The subjects were 71 patients with TS who received therapy at our institution [45, X (n = 39), 45, X/46, XX (n = 6) and structural abnormalities (n = 26, 9 with 45, XO/ 46, Xi (Xq); 7 with 46, Xi (Xq); 2 with 46, X, del (X) (qter - p11); 2 with 46, rX; 1 with 45, X, 1qh+;1 with 45, XO/ 46, Xi (Xq)/ 46, XX; 1 with 45, X,16 h-; 1 with 45, X, t (4; 5)(q31; q22)/ 46, XX, t (4; 5)(q31; q22); 1 with 46, XX/ 46, Xr (X)(p11; q22); and 1 with 45, XO/ 46, XXq23)]. Of those 71 patients, 63 were included for the assessment of breast development.
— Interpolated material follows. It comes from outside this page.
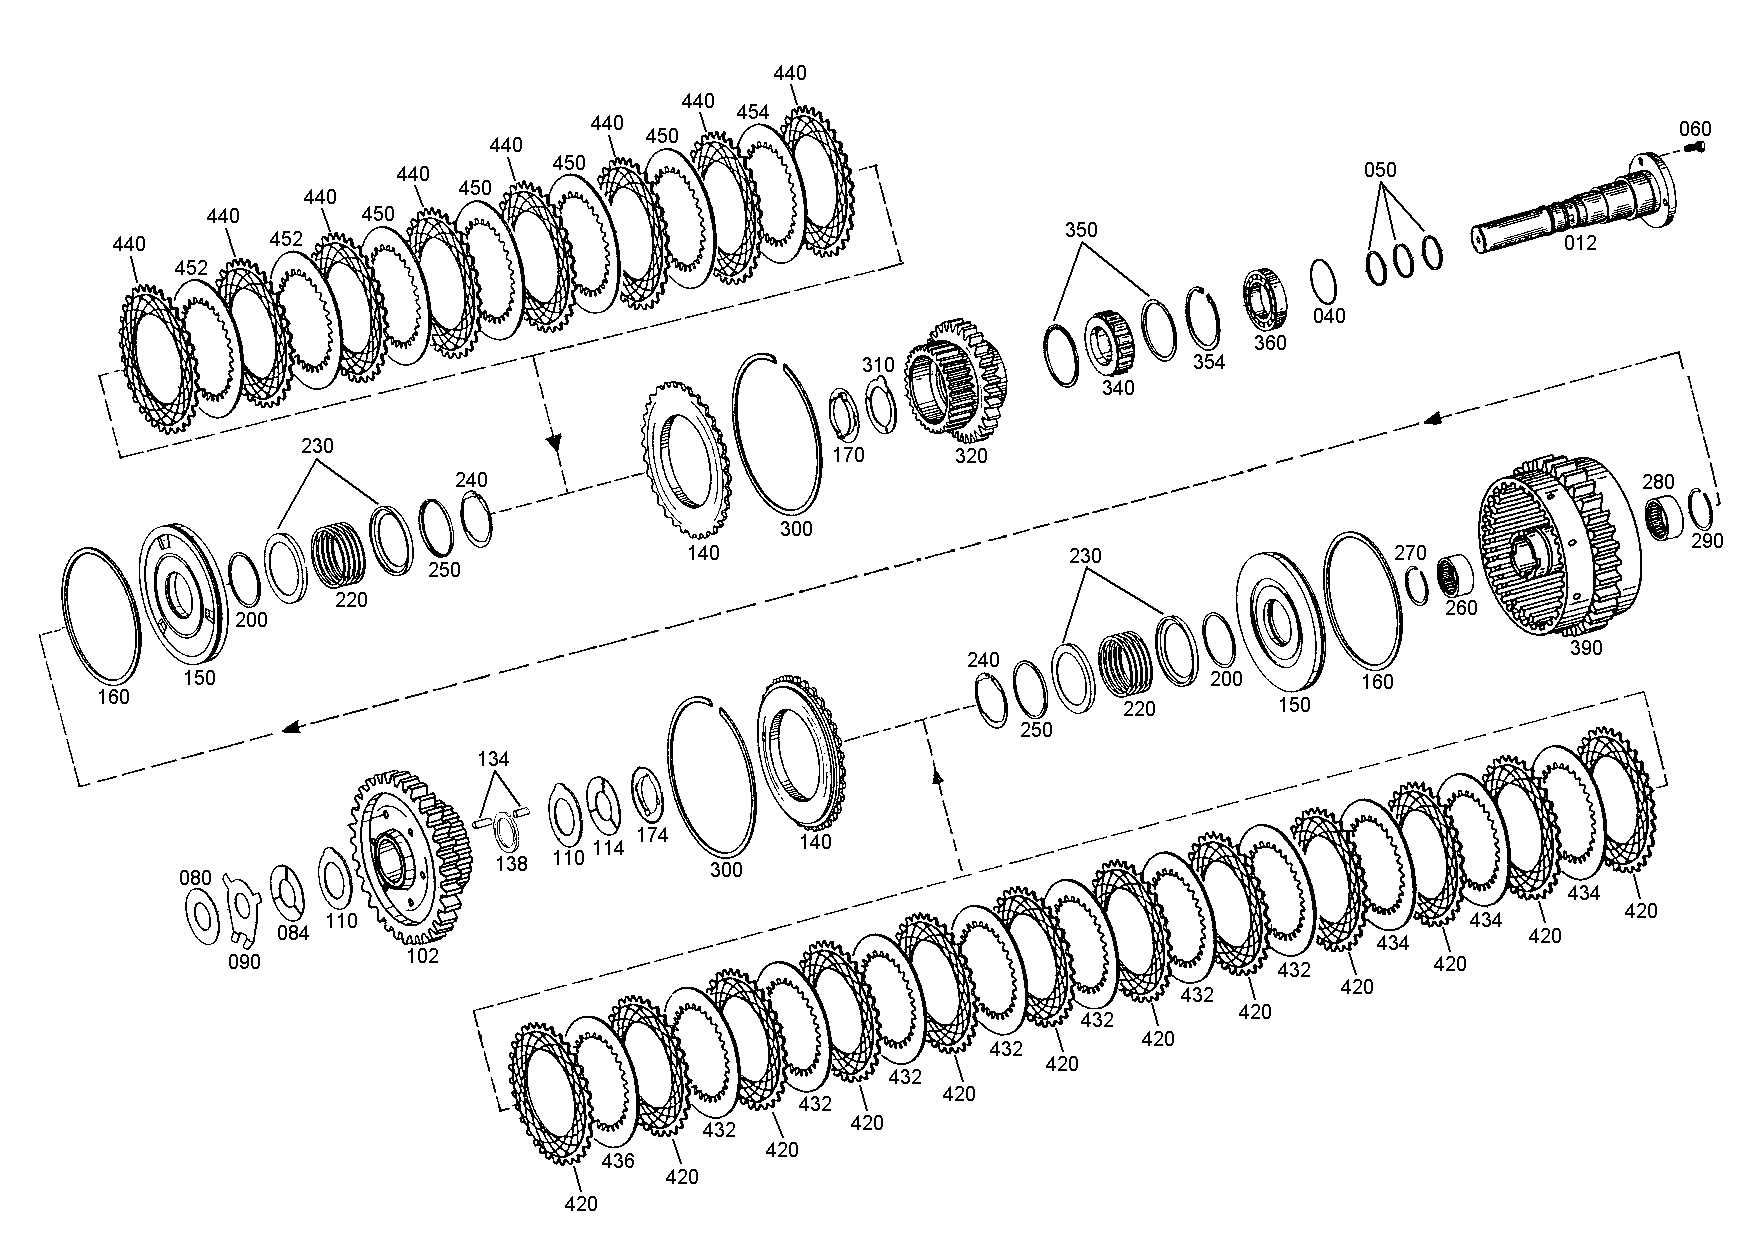 drawing for PPM 8052078 - ANGLE RING (figure 3)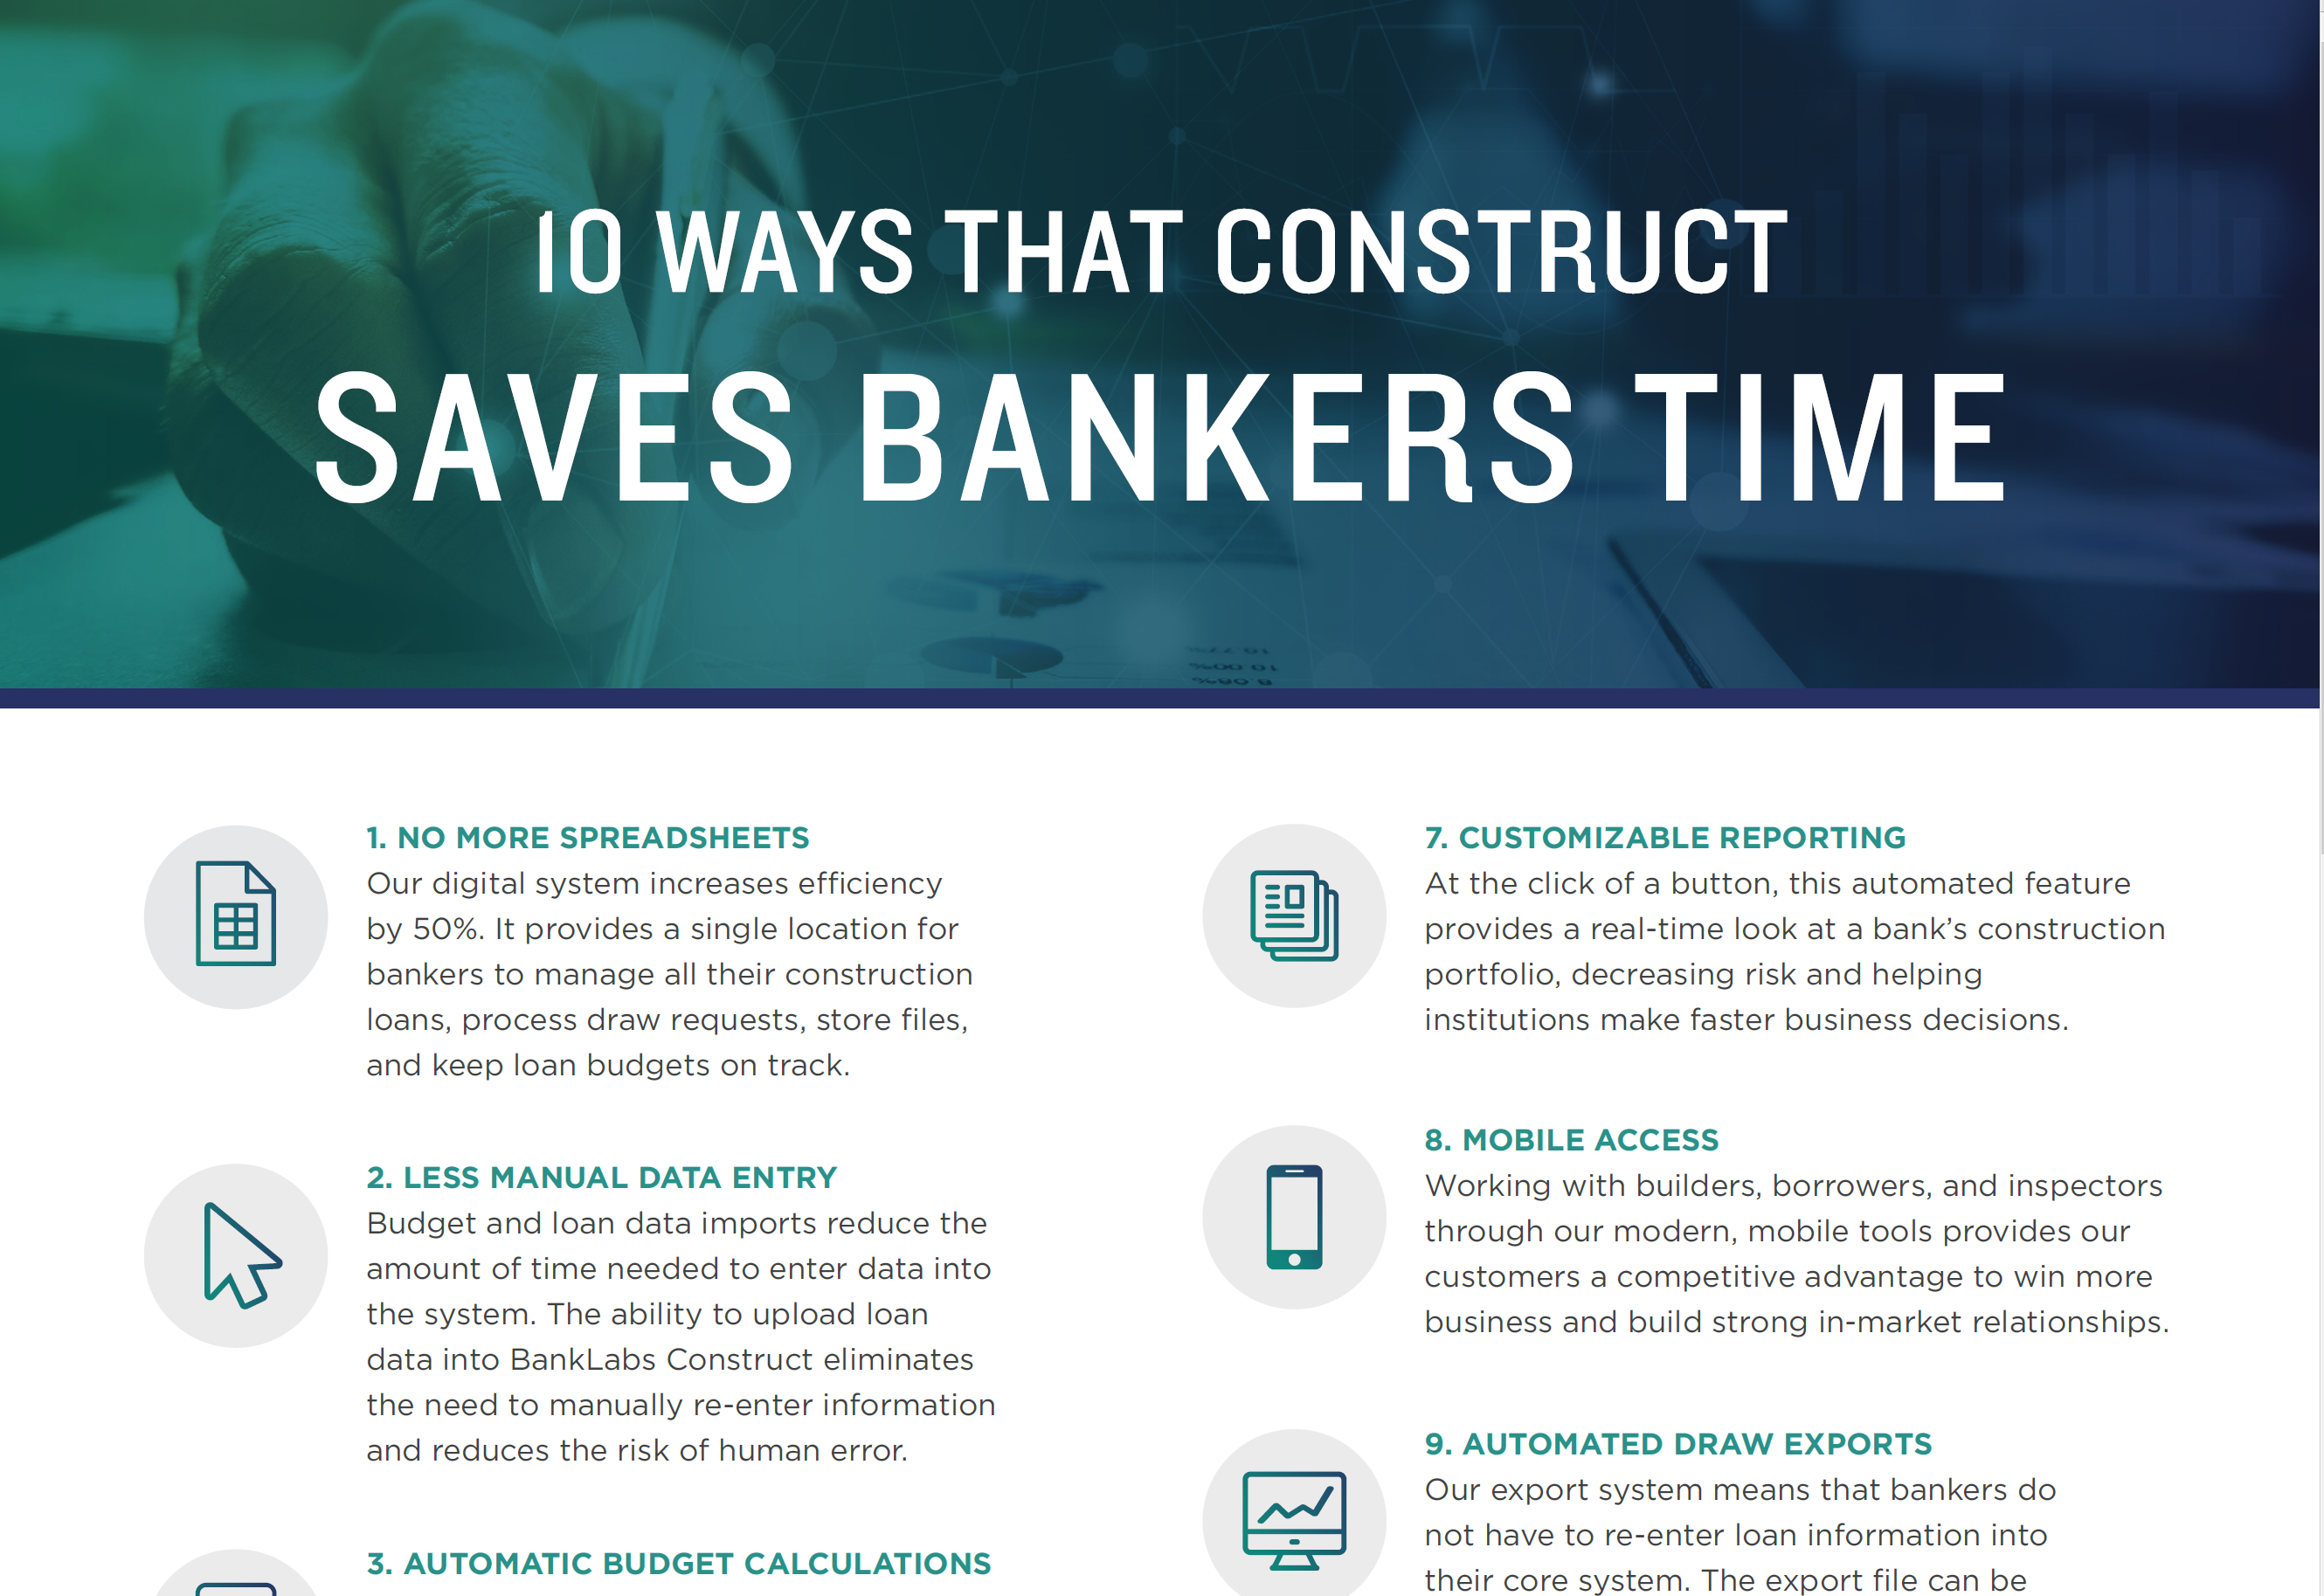 10 ways that construct save bankers time

The 71 girls with TS began HRT at 15.71 ± 1.73 years of age, with a range from 11.5–19.75 years. The median age of the 63 patients with TS in the breast research project at the beginning of puberty induction was 15.82 (14.05, 17.59) years. The breast control group was composed of 139 girls aged 6.25 to 8.83 years (7.24 ± 0.38), and the median age at the entry into puberty (age at reaching B2) was 9.83 years (9.33, 10.33), with a range from 8.00–12.83 years. The uterine control group was composed of 118 girls with a median age of 9.81 years (8.25, 9.75) and a range from 7.00–19.00 years.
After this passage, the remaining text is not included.